Meinersbur updated this revision to Diff 45983.Jan 26 2016, 5:45 AM
Meinersbur edited edge metadata.

Rebase; adressing Tobias comments

It is actually this patch blocked by D16522, not the others. Sorry for the confusion.

Hi Michael,

in this patch only the isSynthesisable change seems to actually affect the output, everything else appears to not yet affect anything.
My feeling is that some of the statements added here will be removed in your later patch at a different location. I would prefer to keep them in the same patch to better see that they are just moved around.

Regarding the isSynthesable change itself. It is touching an area that is a little fishy. Specifically, it will disable (all?) integer read-only memory access modeling as most (all?)l read-only memory accesses are synthesis-able.
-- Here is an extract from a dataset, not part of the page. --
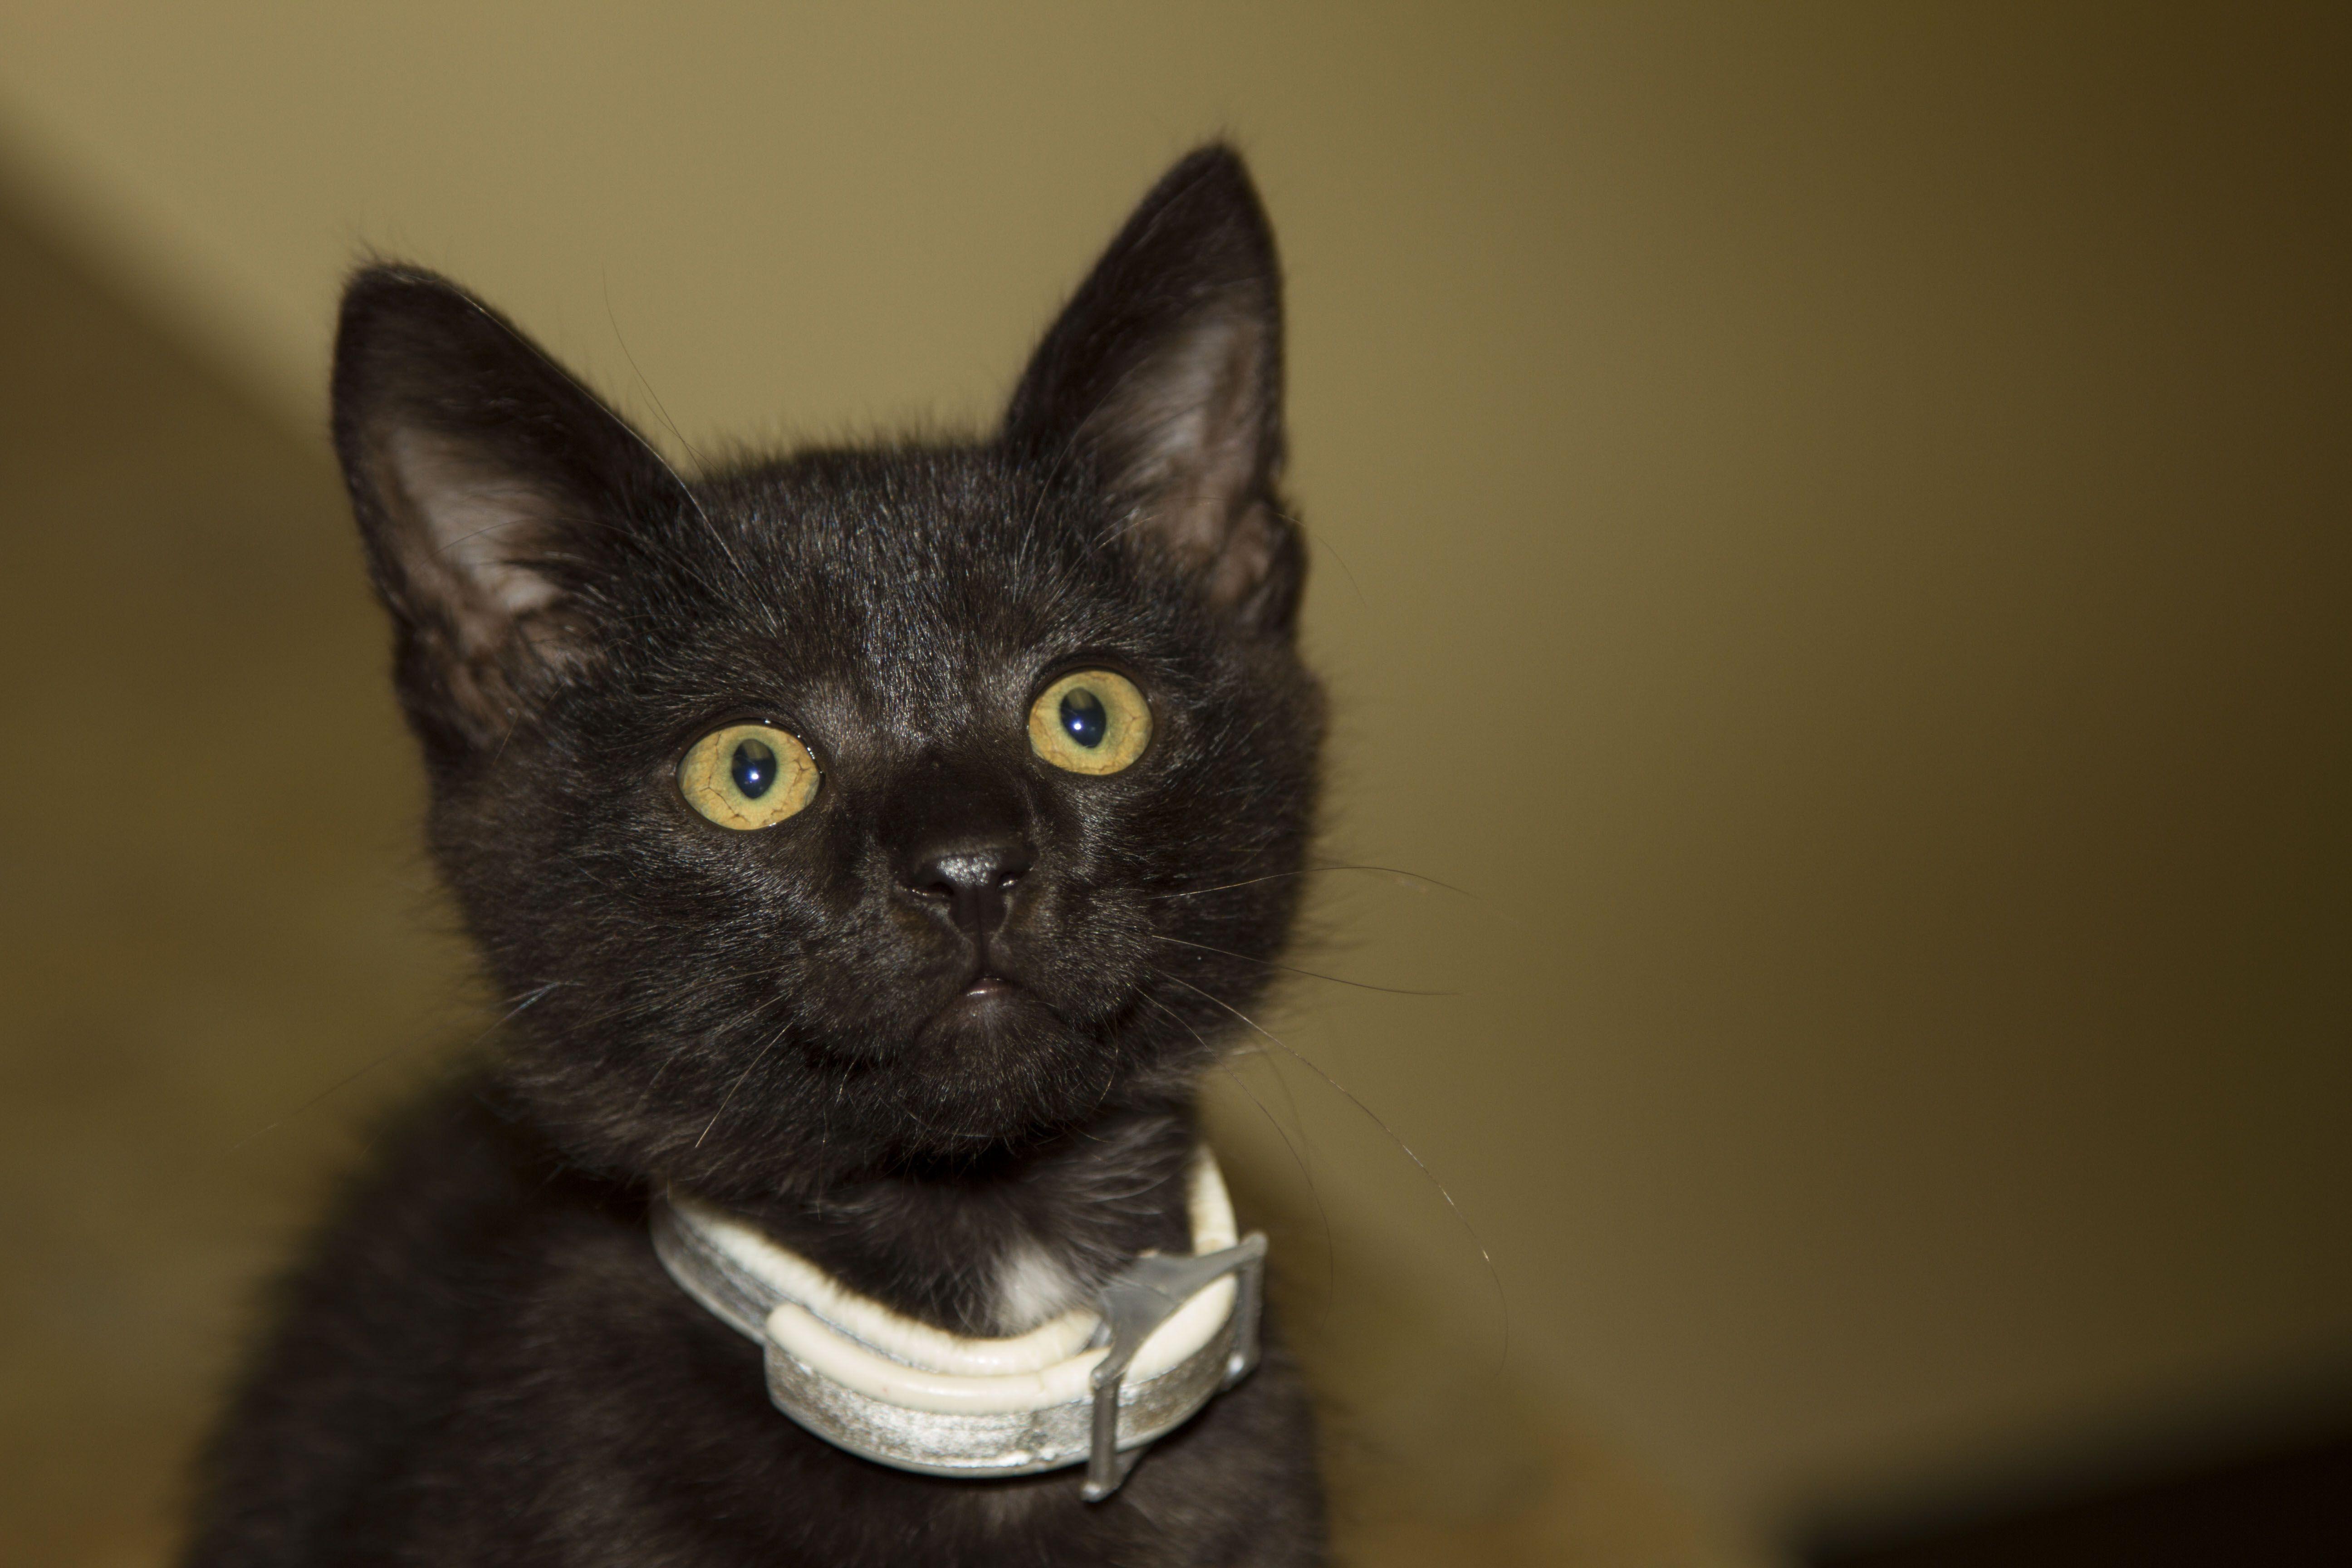 This Innocent Looking But Feisty Kitten S Name Is Tink Kitten Names Kittens Animal Hospital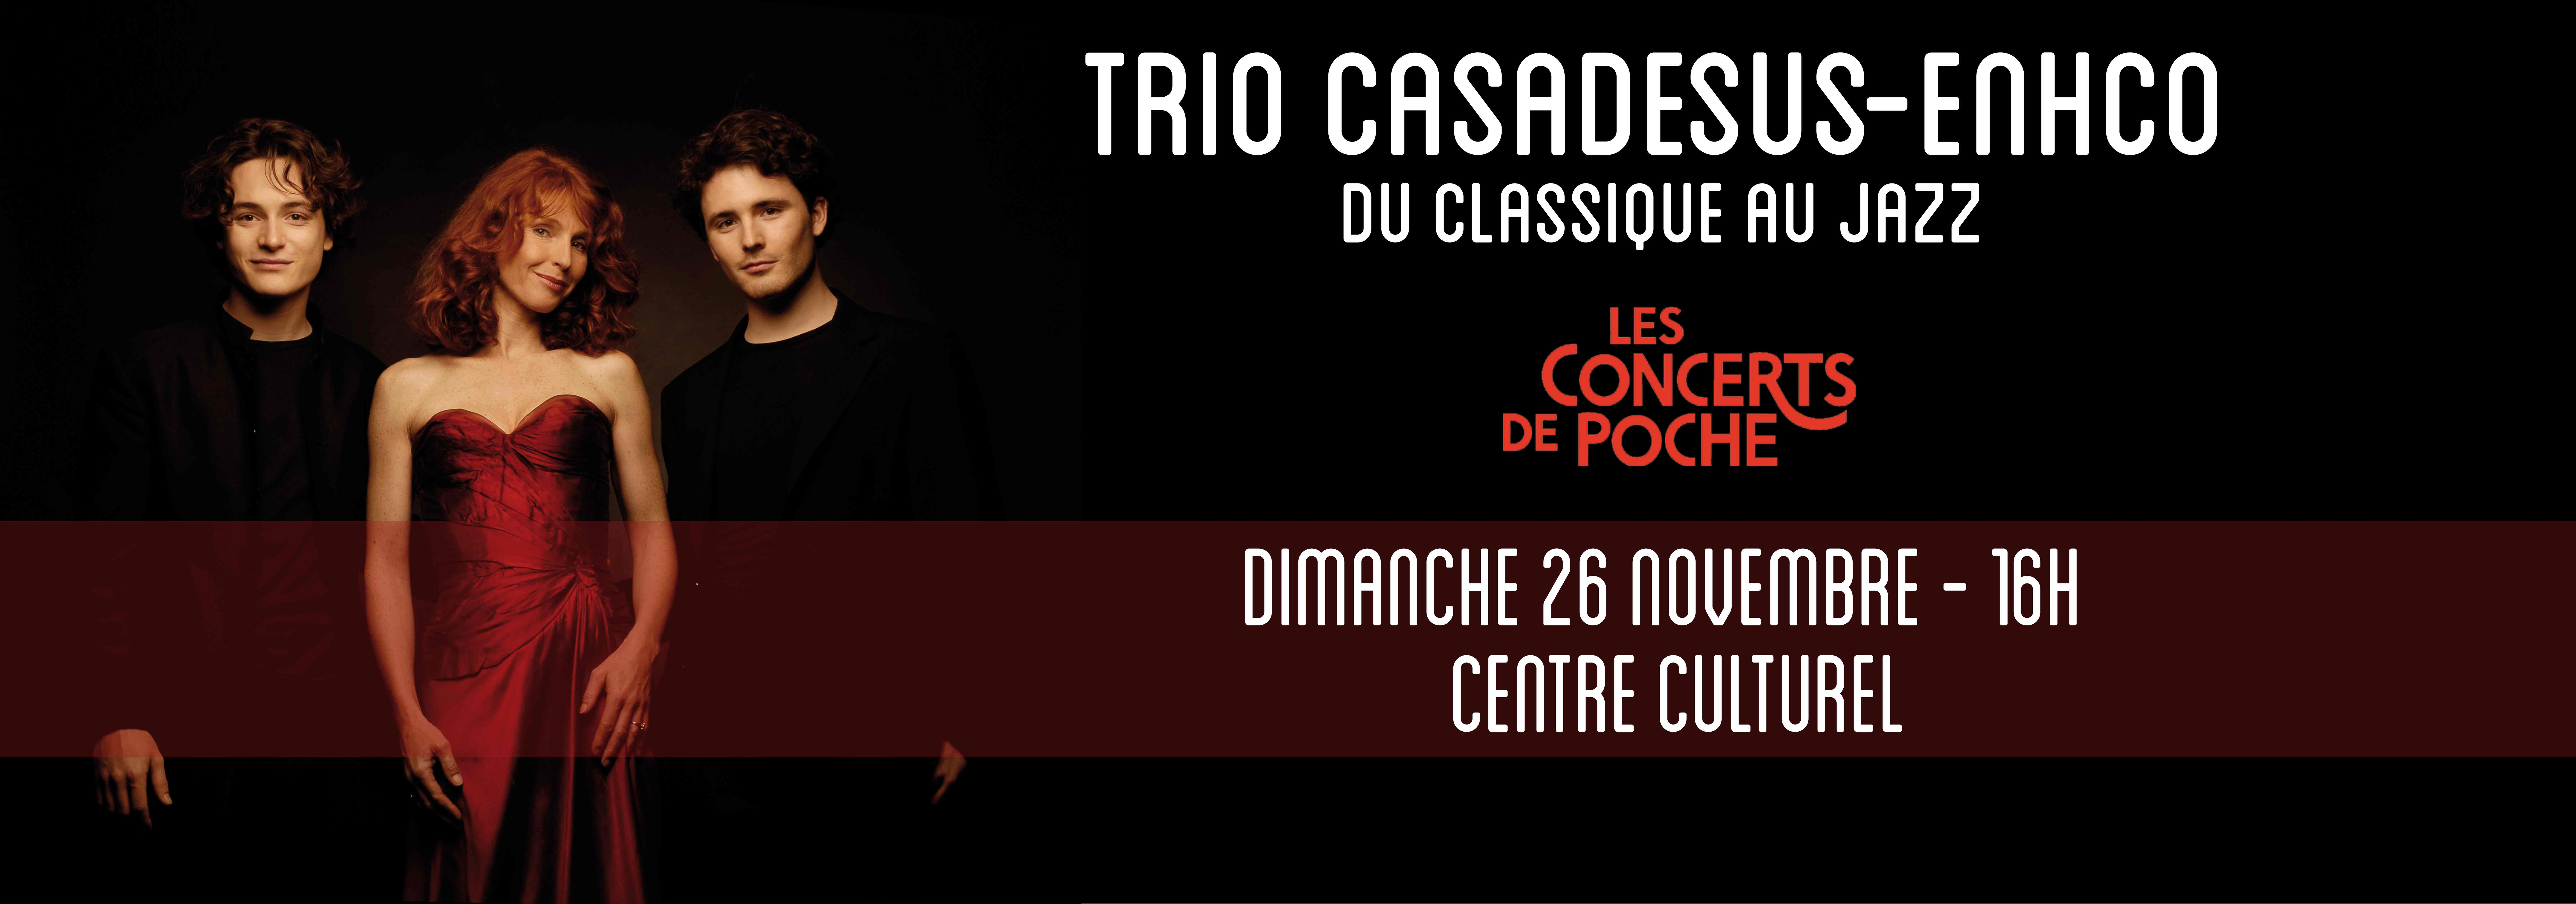 Trio Casadesus-Enhco : du classique au jazz !

I need to think about this a little bit to understand if/what that means, to which extend we do this today and how we can correctly model read-only memory accesses then.

Is the isSynthesisable part of this patch blocking subsequent patches?

Best,
Tobias

Hi Michael,

in this patch only the isSynthesisable change seems to actually affect the output, everything else appears to not yet affect anything.
My feeling is that some of the statements added here will be removed in your later patch at a different location. I would prefer to keep them in the same patch to better see that they are just moved around.

As a reminder, I extracted out this patch out of D15706 on your request. Nothing will be removed again, it is even here because of the later patch.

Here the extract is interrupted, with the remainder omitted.